Problem details — Where a picture appears, leave it out, and transcribe all the lines below exactly.

====== Input data ======

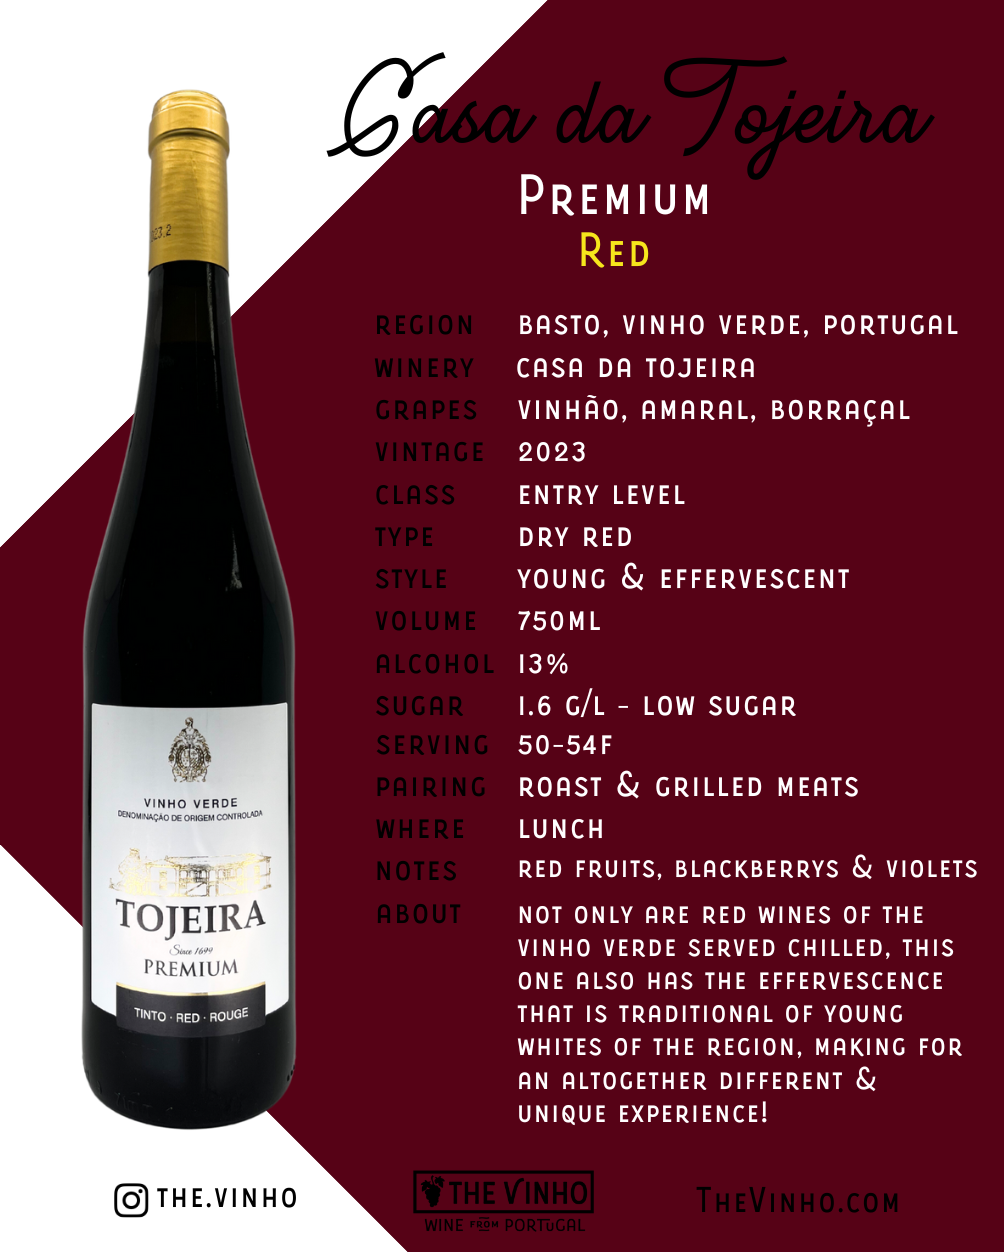  Casa da Tojeira 'Tojeira' Premium Red Blend 2023 - The Vinho
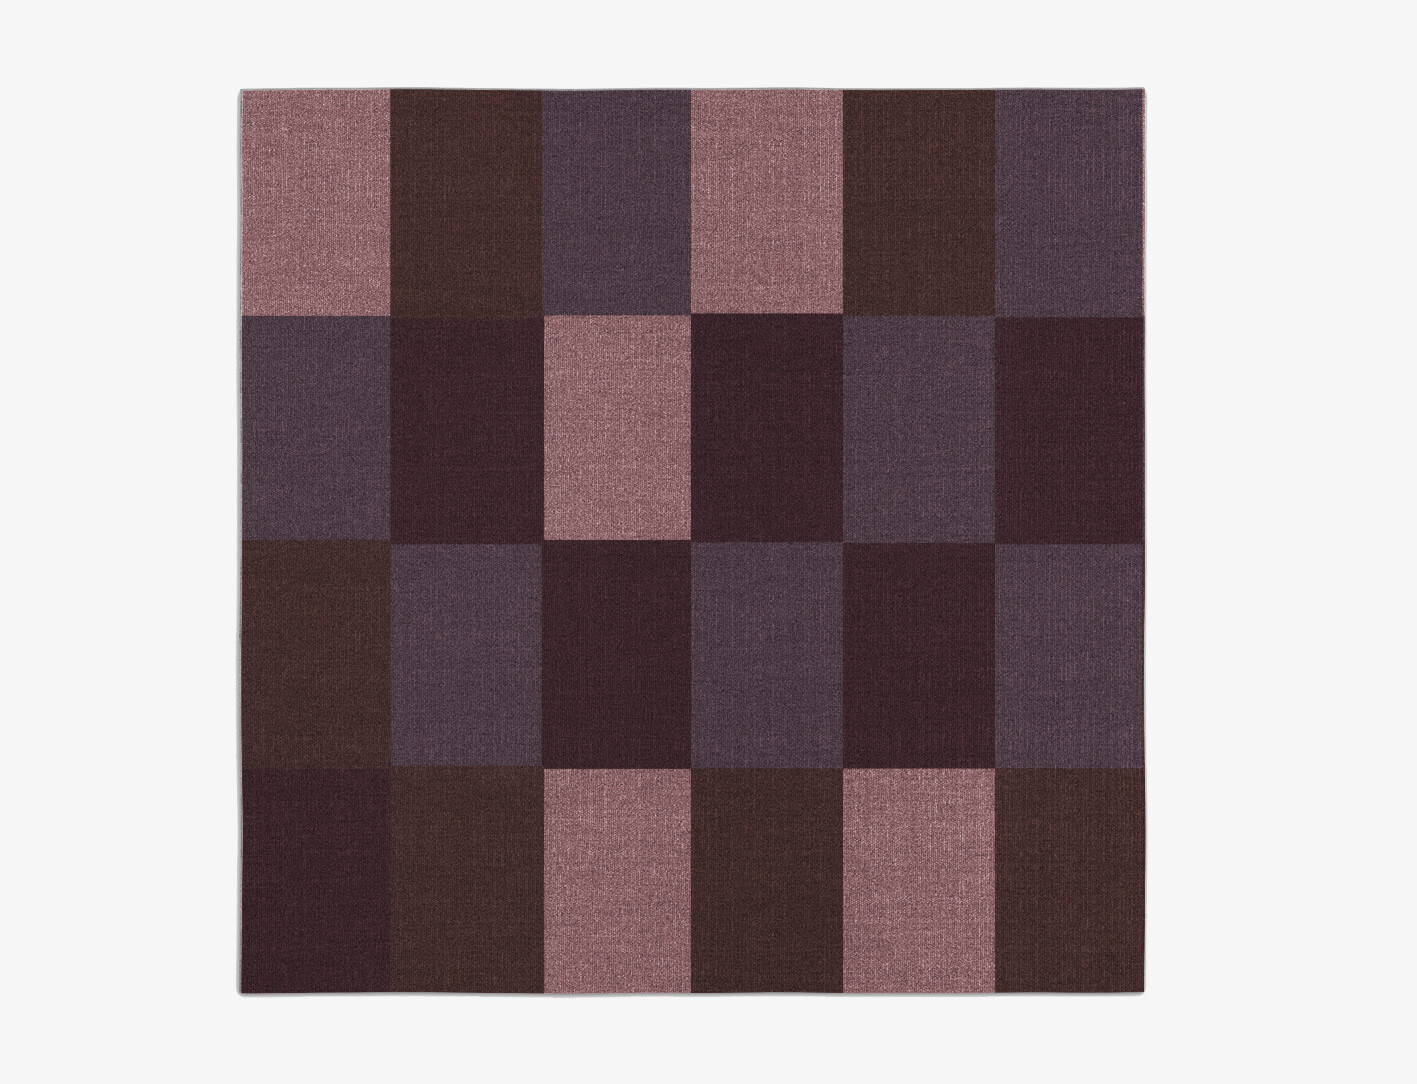 Violet Geometric Square Flatweave New Zealand Wool Custom Rug by Rug Artisan
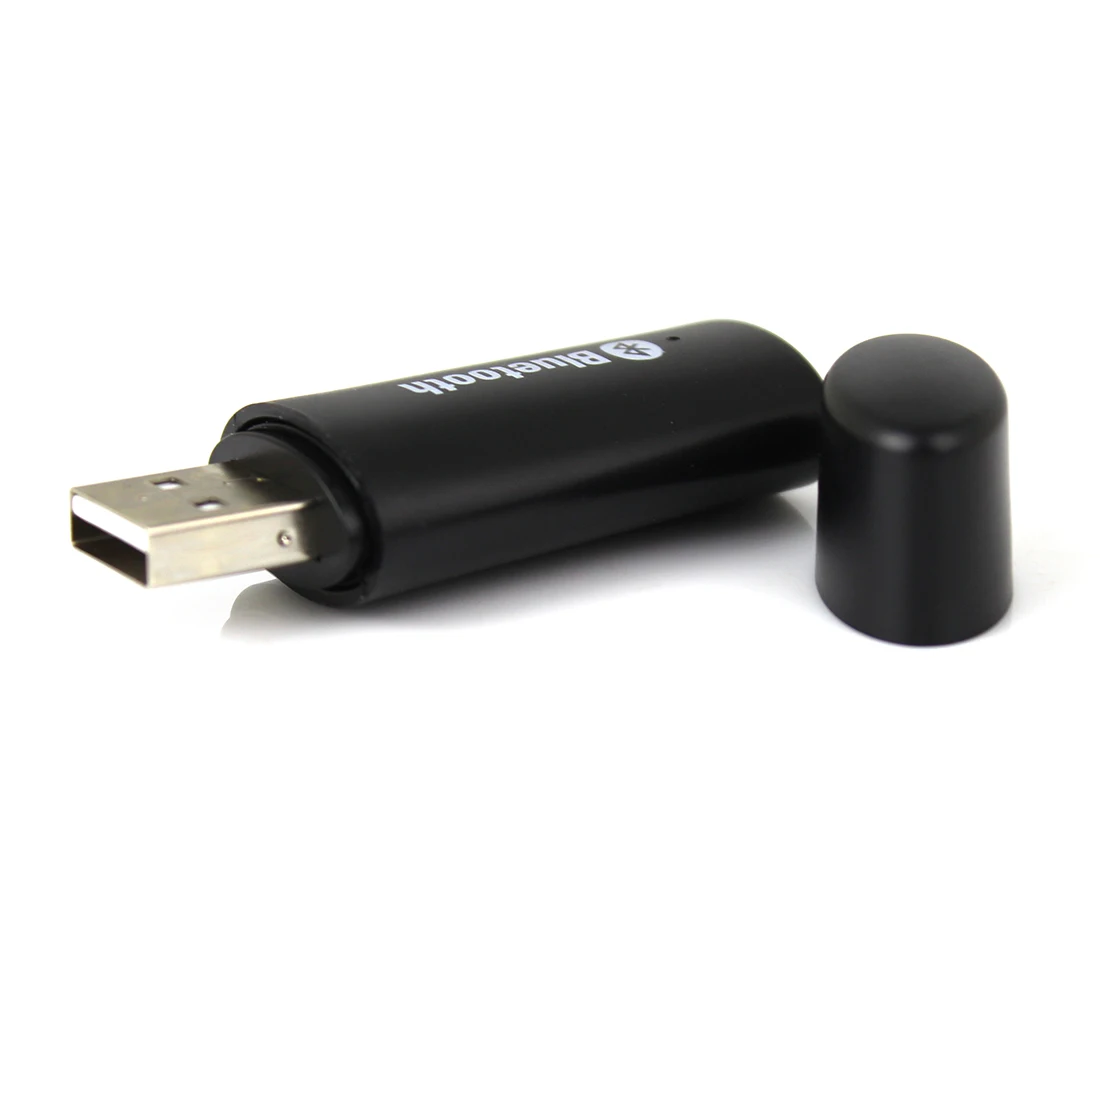 NOYOKERE Новый универсальный Bluetooth 3,5 мм USB приемник музыке стерео аудио адаптер Черный Бесплатная доставка

======

Task solution —
  Casa da Tojeira 'Tojeira' Premium Red Blend 2023 - The Vinho
 Violet Geometric Square Flatweave New Zealand Wool Custom Rug by Rug Artisan
 NOYOKERE Новый универсальный Bluetooth 3,5 мм USB приемник музыке стерео аудио адаптер Черный Бесплатная доставка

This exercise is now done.